Mind Your Own Business & Stop Telling Women What to Do!

A lot of people have asked us today to weigh in on this post: Are Women Starting the Wrong Kind of Businesses?

I haven’t commented (other than RTs) mostly because I agree with a lot that has been said.

Especially with Tara Hunt’s point about the simultaneous creation and degradation of the “pink collar ghetto” (also beautifully articulated in this post here).

And with Tory Johnson’s point about us as a society being long past telling women what to do professionally.

But I’ve also kept quiet because every time this issue is raised so is the issue about whether women are starting businesses that are “big enough”. Do they have enough ambition? Are they thinking big enough? Are they exploiting the market enough?

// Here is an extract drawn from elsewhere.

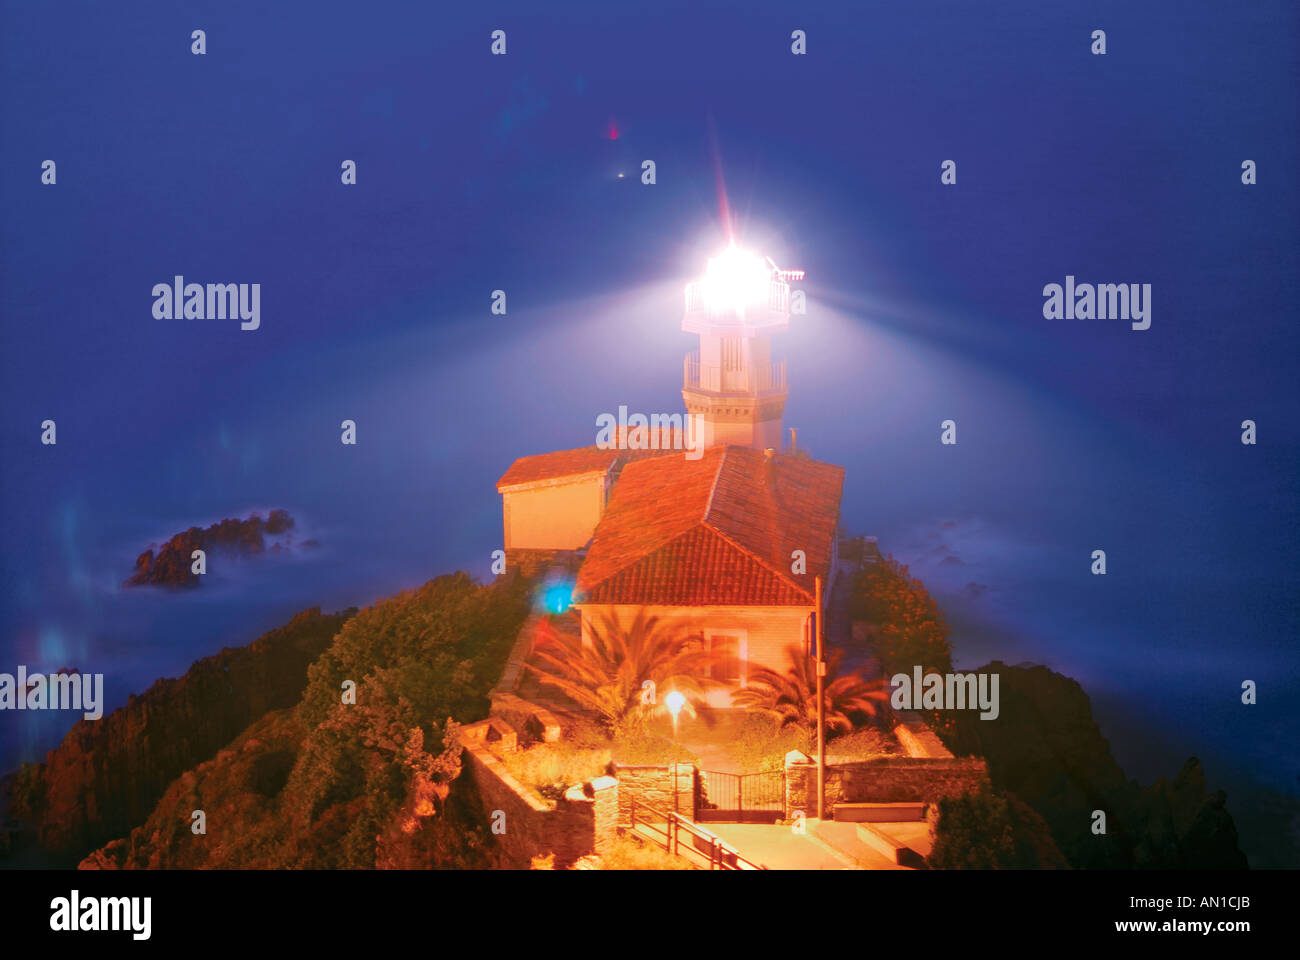 Lighthouse of Cudillero by night, Cudillero, Asturias, Spain Stock Photo

Despite just have published a book on the subject, I’m tempted to stay quiet in this conversation. In part because I believe it’s hard to talk about it without saying something that is going to offend some type of women entrepreneur, which is the last thing I want to do. I support ALL small businesses that are honest and behave with integrity, whether they are run by a man or woman. But knowing how tough the business world can be on women, I especially can’t bear to knock any of my own around.

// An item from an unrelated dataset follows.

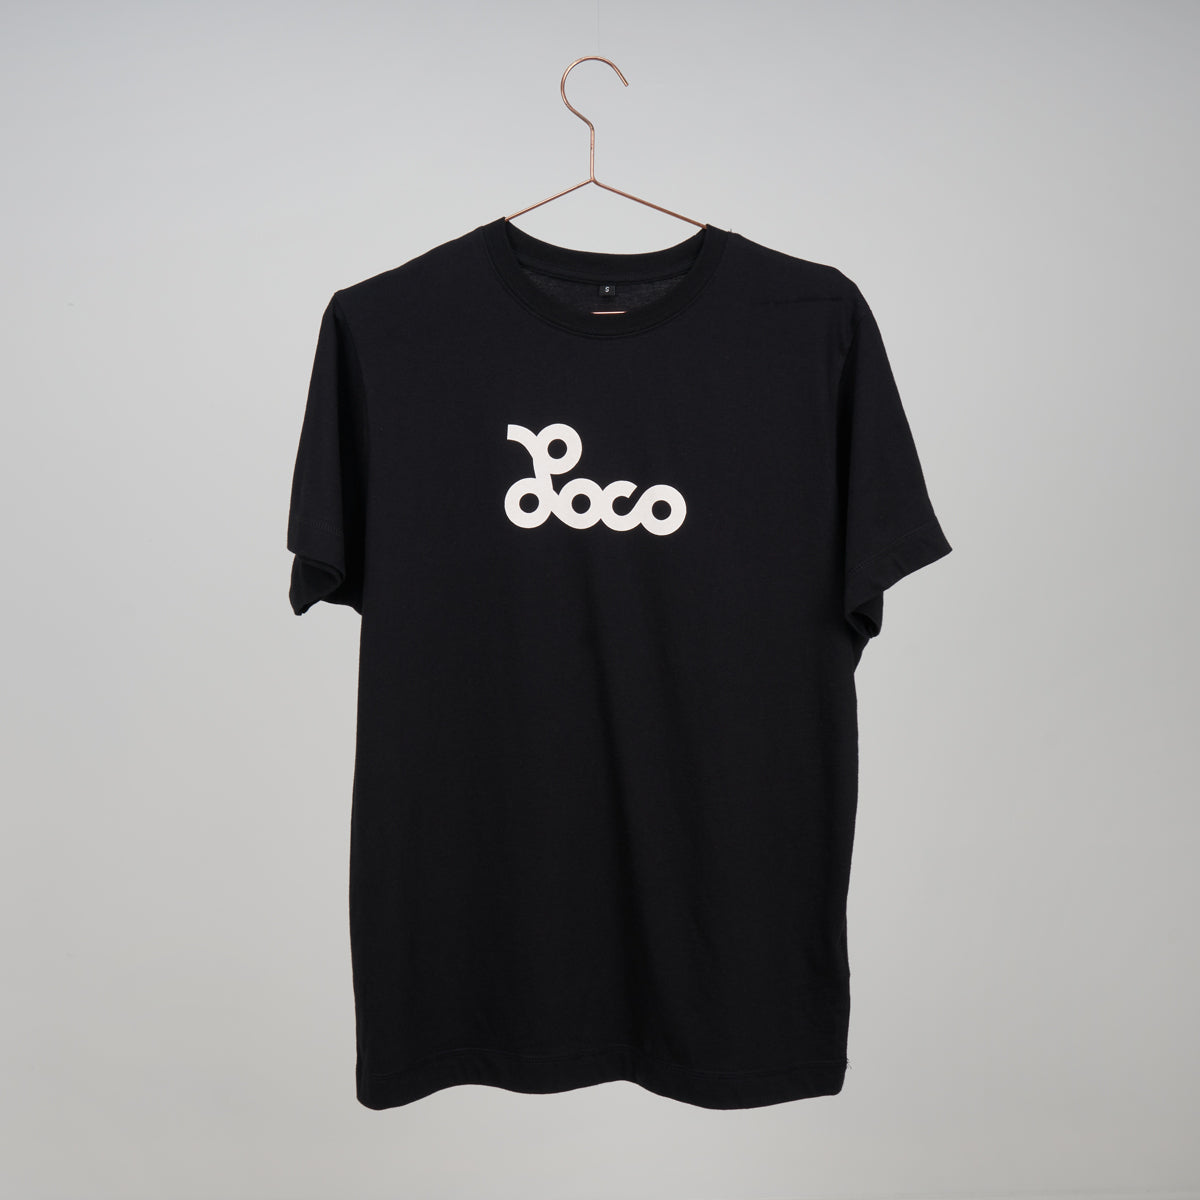 Loco T-Shirt - Black

But this is also a topic I care a lot about. And I think it’s important to stand up for what you believe in.

So, here goes:

  • I believe that success is about satisfaction, not size. Growth for growth’s sake is foolish. Let’s honor the full array of motivations and goals that entrepreneurs have.
  • I believe that a lot of entrepreneurs are interested in creating ventures that are sustainable and that they can run for a long time. This is an excellent goal and shouldn’t be knocked just because it tempers fast growth.
  • I believe that pursuing someone else’s idea of a good business is short-sighted. It will only set you up to fail. Entrepreneurship requires too much for you to be following someone else’s direction. Instead pick your own good idea, something you can get really excited about and have a lot of insight into – even if it’s “pink collar.”
  • I think it’s insidious to blame women for being women, or worse for being themselves. That in and of itself is misogynistic.
  • I believe that “be more like a man” or “do more like men do” arguments are the worst. They have never worked. Typically, women either find ways to do things successfully in their own way or they opt out (see: the corporate exodus to entrepreneurship).
  • I believe that talking about the underrepresentation of female entrepreneurs negates the majority of women-owned businesses. Gender disparity is a big problem in the tech world. But guess what? The world of entrepreneurship is bigger than that.
  • I believe that entrepreneurship offers people the opportunity to create the work they want on their terms. Isn’t that amazing?
  • I believe it’s more important to support people in the fulfillment of their own dreams, rather than moralize their ambitions. For example – these businesses are “good” while these are “bad”.
  • I believe that the investment world plays a role in this moralization. And while I understand why things are the way they are I keep looking for a better and different paradigm to emerge. Businesses like Pipeline Fellowship, ProFounder and Bolstr are helping to change things, thank goodness.
  • I believe that having children plays a role in the type of business growth and investment that some entrepreneurs pursue. I don’t see this as a fault on their/our part and again, hope a better solution presents itself. For a really thoughtful discussion on this read this article by Eileen Gunn
  • I believe that entrepreneurship should be more about what you as the entrepreneur want and less about what others want for you…

…which is why I hate to weigh in on these debates, but there I did it anyway!


Pic Via.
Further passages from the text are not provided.